Repare bem a convicção! “Estou certo que ele venceria no primeiro turno”. No primeiro turno! O artigo revela bem a triste patologia golpista do conservadorismo brasileiro. Porque golpista? Admito que o termo golpista permite interpretações bem diversas. Para a direita, a esquerda é golpista. Para a esquerda, é a direita. No entanto, vejamos quem é o candidato que, segundo o colunista do Globo, “venceria no primeiro turno”. É um político? Pertence a partido? É ligado a alguma legenda? Expressa claramente suas opiniões políticas ou ideológicas? A resposta para todas as questões é: NÃO!

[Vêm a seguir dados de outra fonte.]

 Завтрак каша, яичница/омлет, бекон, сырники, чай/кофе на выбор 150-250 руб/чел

A asserção de Damatta flerta com uma gravíssima ilegalidade, ao sugerir que Barbosa, representante máximo do Judiciário, ambiciona controlar também o Executivo. Juízes estão proibidos, constitucionalmente, de fazer política partidária, de maneira que a declaração de voto em Barbosa, por parte de um antropólogo erudito, é, para dizer o mínimo, de um mau gosto atroz e desastrado.

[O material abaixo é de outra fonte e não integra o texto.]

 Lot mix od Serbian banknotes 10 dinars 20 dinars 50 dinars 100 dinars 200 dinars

O pior mesmo é o “eu tenho certeza”, que revela apenas a arrogância sem limites, à beira da esquizofrenia, de quem vê o jardim que descortina da janela da Casa Grande como se contemplasse o mundo inteiro.
Esses não são os únicos problemas do texto. Ele é um amontoado de – como diria Manoel de Barros – “ignoranças” sobre política, ideologia e história.
Concordo que não devemos tratar a dicotomia “direita” X “esquerda” com um viés maniqueísta. Suponho que há canalhas de esquerda e pessoas íntegras na direita. Alguns diriam que, se a pessoa é canalha, é porque, na verdade, não é de esquerda, e que se é de direita, também não pode ser tão legal assim. Não vou entrar nesse tipo de juízo.
Entretanto, quando se observa a dialética ideológica no mundo hoje, não estamos avaliando a integridade ou valor subjetivo de ninguém, mas apenas constatando a permanência de um conflito muito natural entre o trabalho e o capital, que atravessa a história da humanidade desde seus primórdios. Os termos “esquerda” e “direita” nasceram no âmbito da revolução francesa, mas as lutas sociais vêm de muito mais longe.
O renomado historiador francês León Homo, que escreveu um dos maiores clássicos sobre Roma antiga, “Les Institutions politiques romaines”, uma obra profundamente documentada e filiada aos critérios mais rígidos da tradição historiográfica europeia, não hesita em dividir as facções políticas da república romana em “esquerda” e “direita”. De fato, ao se estudar a realidade daqueles tempos, não é difícil constatar que a classe dos nobres, dos aristocratas, o partido dos “optimates”, representava a direita romana; plebeus, estrangeiros, trabalhadores, o partido dos “populares”, correspondiam à esquerda. Havia pessoas boas e más em ambos os lados. A esquerda vivia infestada de traidores, oportunistas, corruptos, espertalhões. A direita sofria com seus ambiciosos, ególatras, corruptos. Entretanto, mesmo com os problemas de cada lado, o partido popular, a esquerda romana, é que representava a maioria (outra característica da esquerda), e a sua evolução significou a modernização democrática da civilização romana. Não fossem as espetaculares vitórias plebeias, Roma jamais teria chegado onde chegou: seria consumida muito antes disso, de dentro. Foram as conquistas trabalhistas e políticas plebeias que injetaram orgulho e autoestima no povo romano. Foi assim na França napoleônica e foi assim nos Estados Unidos. Sem conquistas sociais, trabalhistas, políticas, por parte de sua classe trabalhadora, nenhum país consegue olhar a si mesmo com a dignidade necessária, não consegue ser um país de verdade, permanece apenas um casual aglomerado geográfico na periferia do mundo.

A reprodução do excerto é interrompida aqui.